- Born: Reinhold D. Schmieding 1955 or 1956 (age 70–71) Michigan, U.S.
- Education: Michigan State University
- Occupation: Businessman
- Known for: Owner of Arthrex
- Title: Founder and CEO, Arthrex
- Children: 2

= Reinhold Schmieding =

American businessman

Reinhold D. Schmieding (born 1955/56) is an American billionaire businessman and the founder, CEO and owner of Arthrex.

==Early life==
Schmieding was born in Michigan, the son of a dentist. His parents emigrated from Germany six months prior to his birth. He was educated at Michigan State University from 1973 to 1977. Schmieding was a member of the Delta Chi fraternity.

==Career==
From 1981 to 1985, Schmieding worked for Med Tech International in Westport, Connecticut.

In 1981, Schmieding started a medical device company called Arthroscopy Excision Instruments Inc., which focused on an emerging procedure known as arthroscopy. The initial investment was $60,000 from Schmieding's personal savings. After starting the company, Schmieding did not make a profit for the first two years. He ran his company from his apartment in the Olympic Village.
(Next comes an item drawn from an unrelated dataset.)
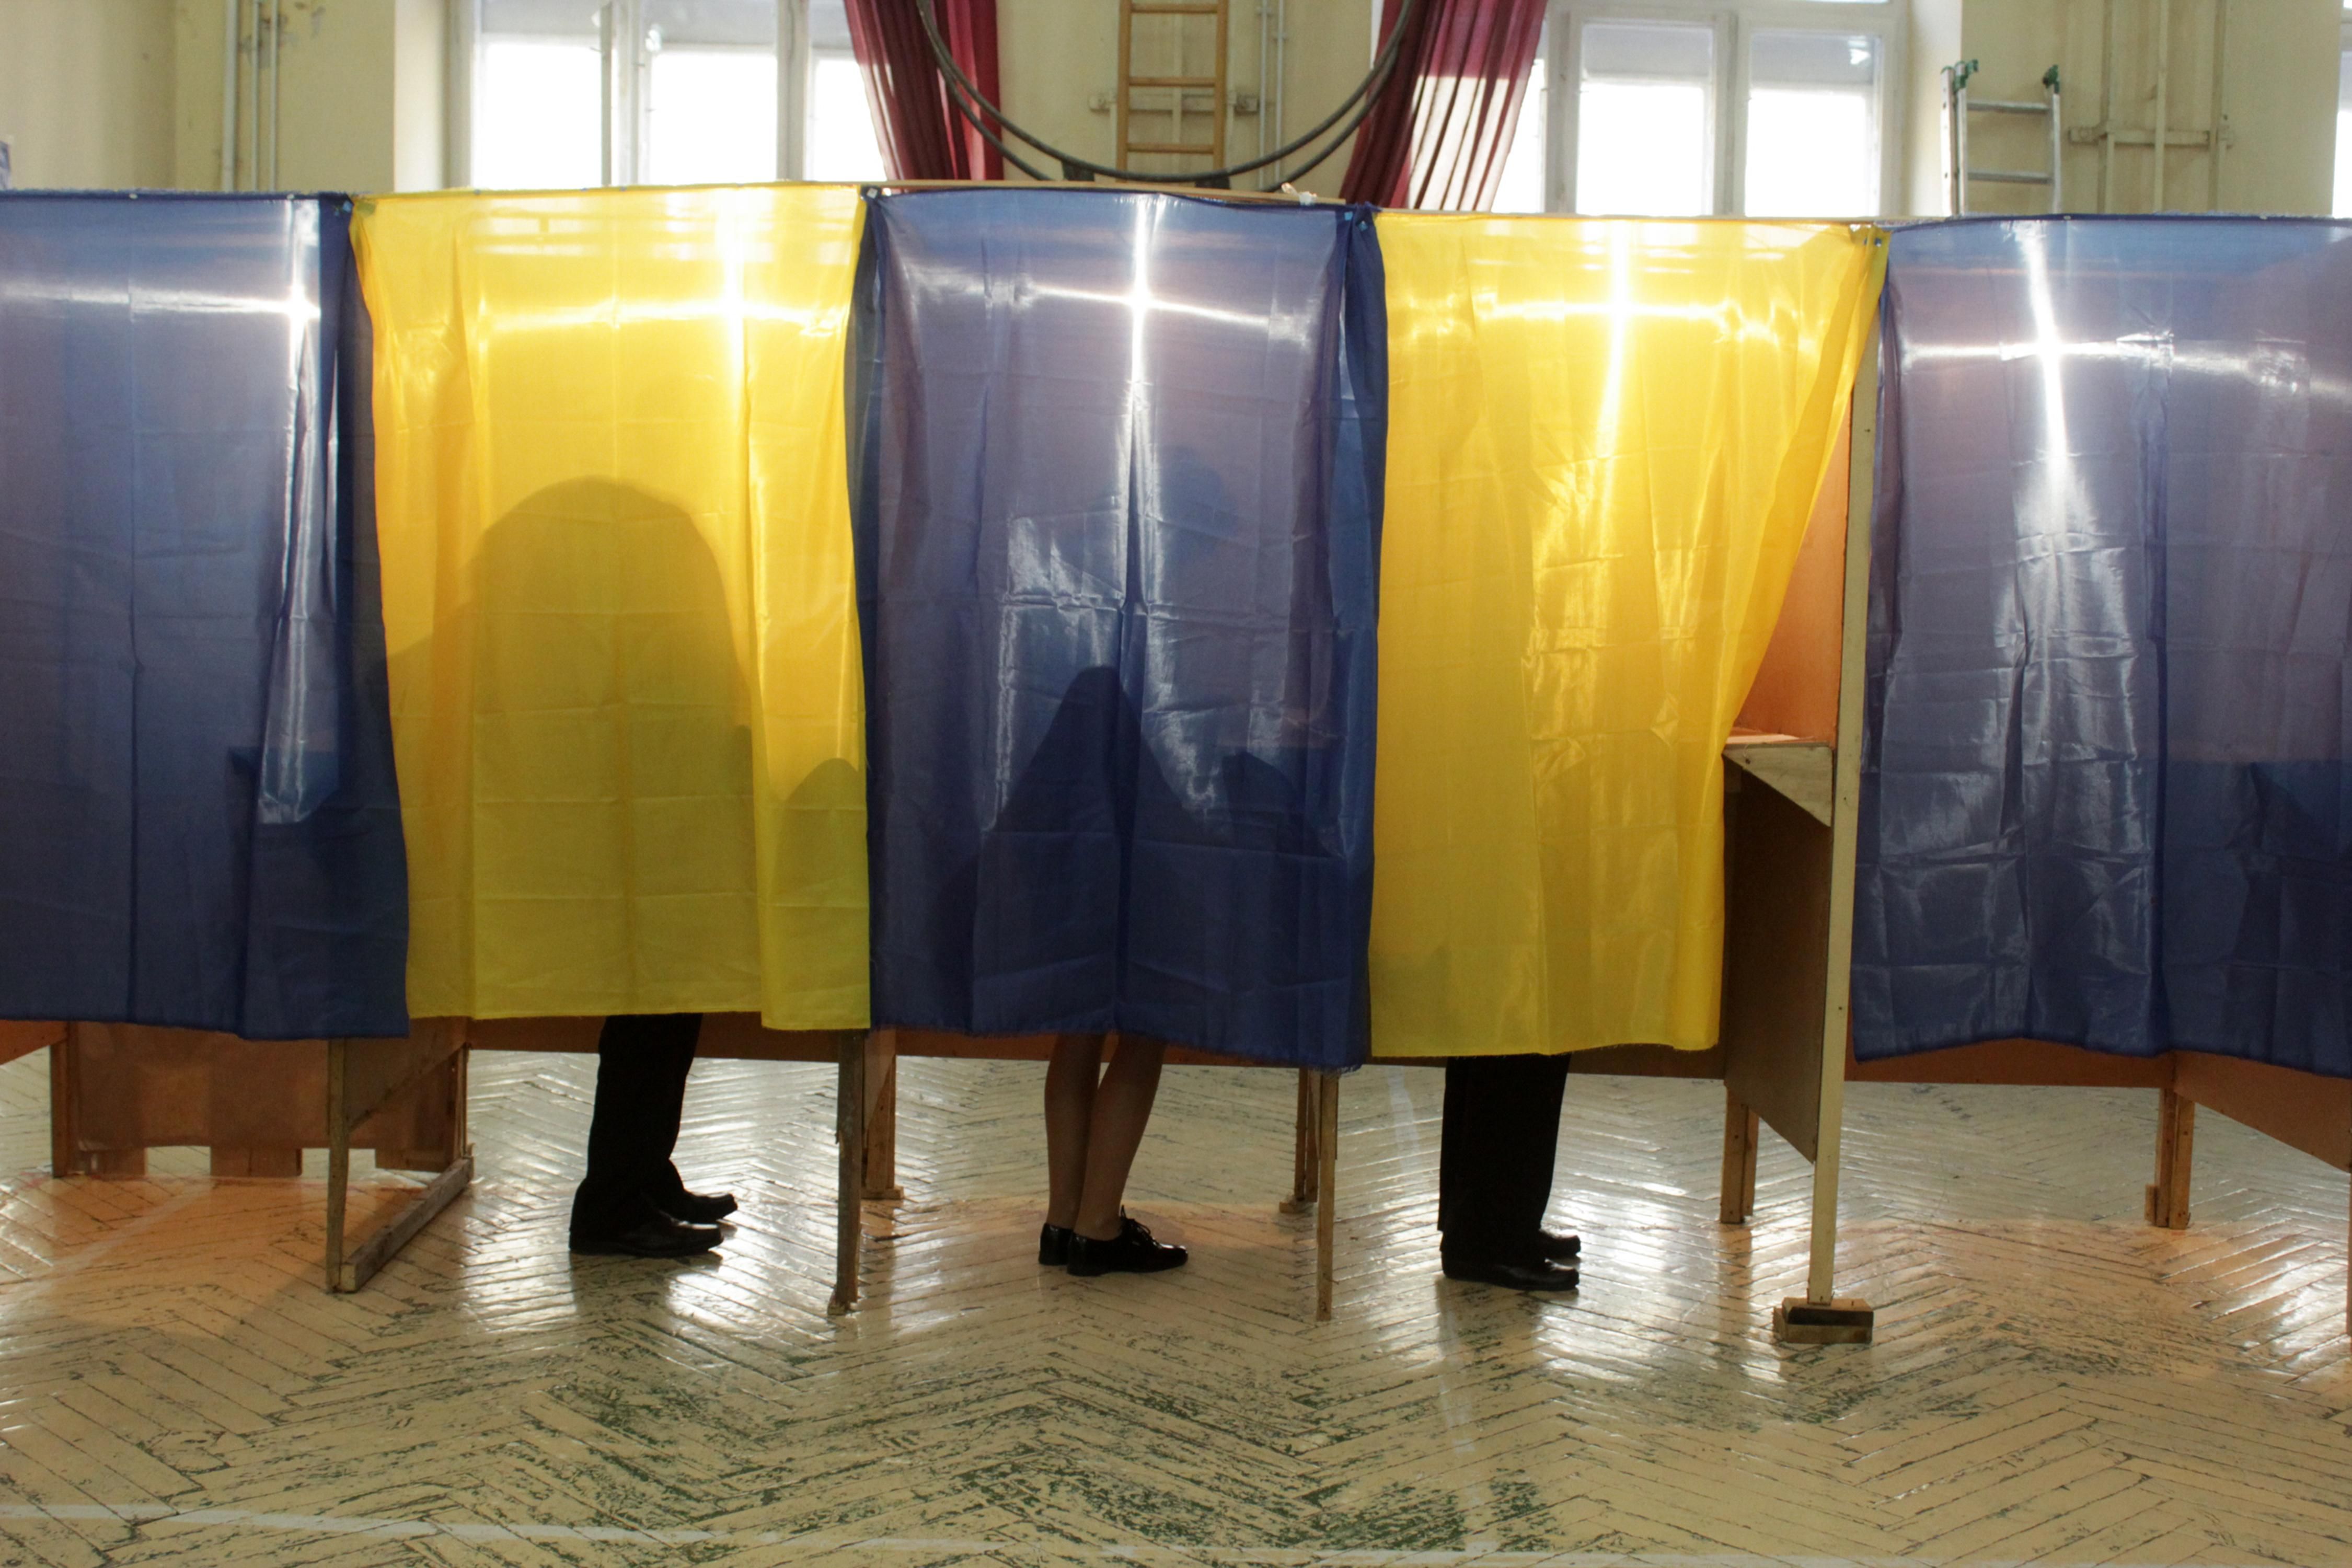 Будут ли досрочные выборы: эксперт указал на важную деталь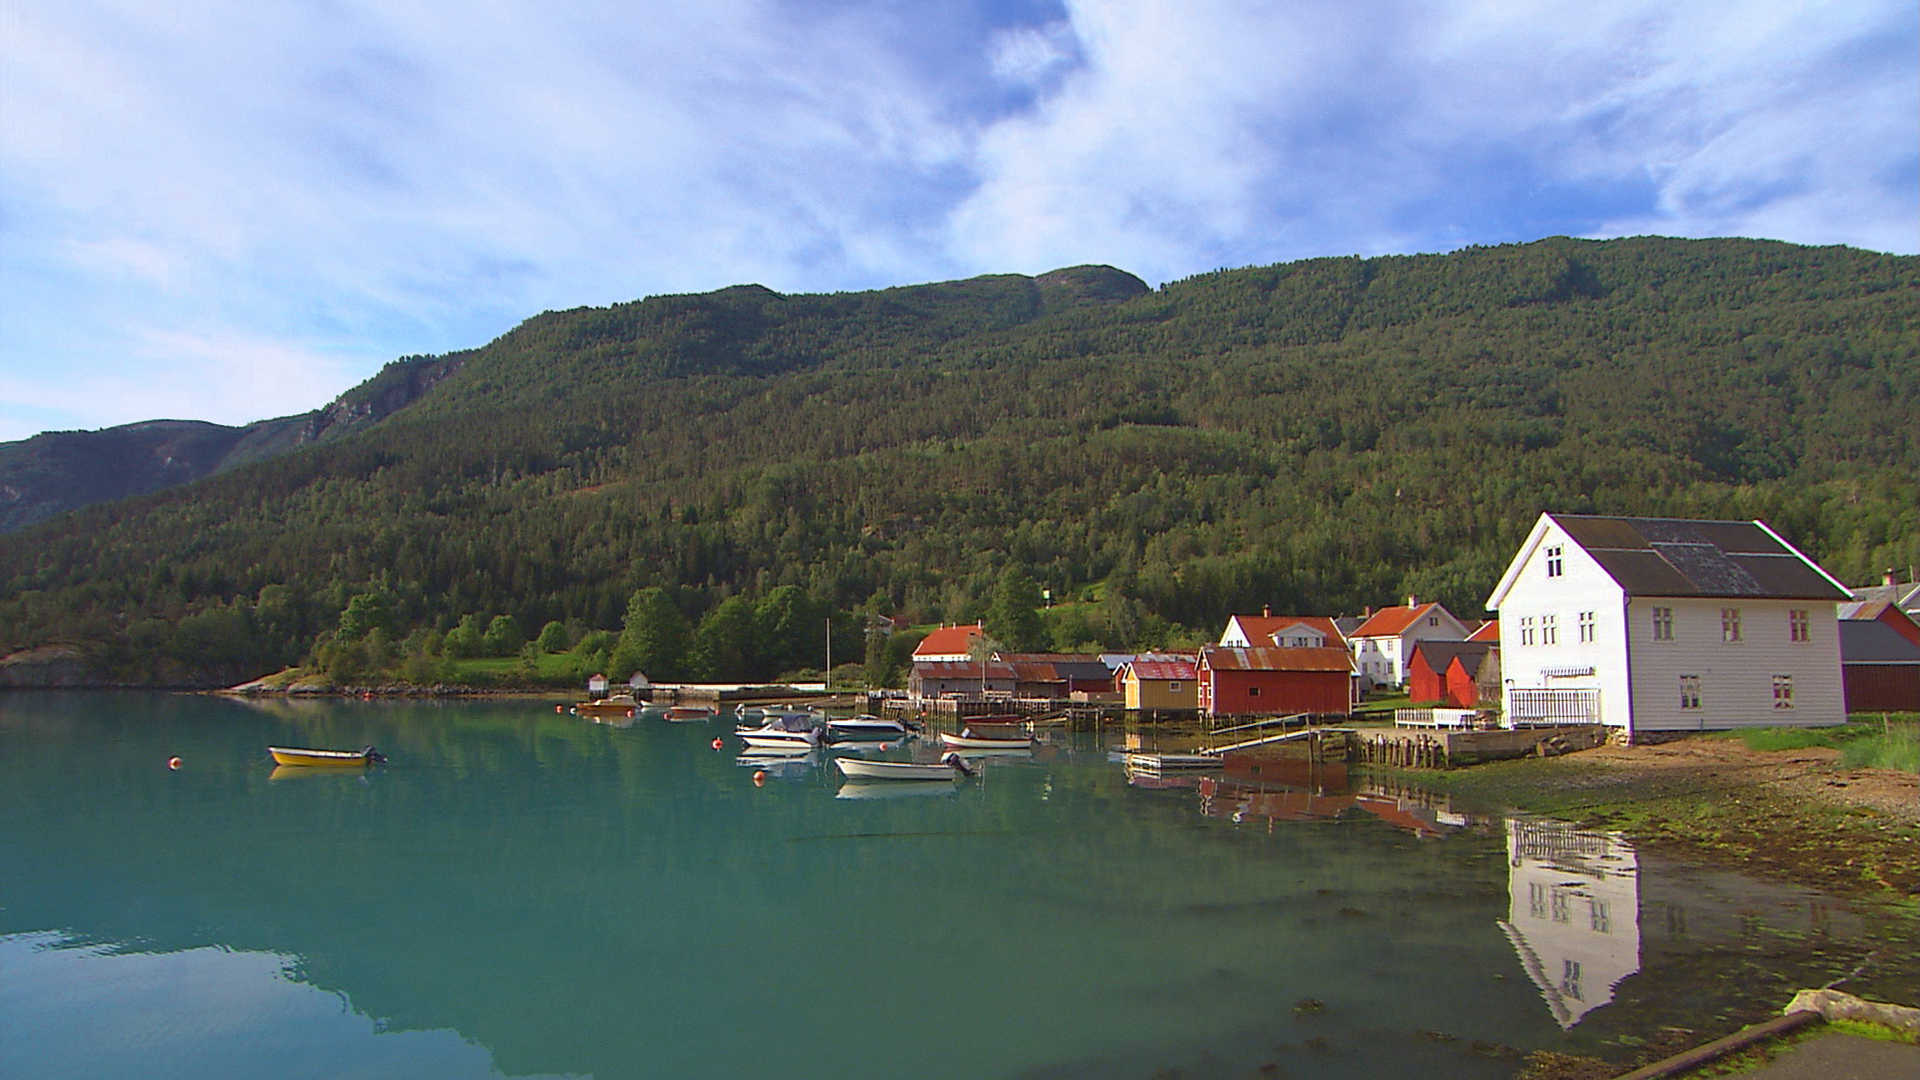 Solvorn, in western Norway

Later, the company was renamed as Arthrex Inc.

Arthrex distributes its products to more than 90 countries worldwide. It has subsidiaries throughout Europe, including Germany, Austria, Belgium, England and France. In 1991, the headquarters shifted to Naples, Florida. Since then, the company has grown from two employees to over 2000. In 2015, Arthrex was listed at number 94 on Fortune's 100 Best Companies to Work For.

Schmieding received an honorary doctorate from Florida Gulf Coast University in 2018.

==Personal life==
He is married with two adult children and lives in Naples, Florida.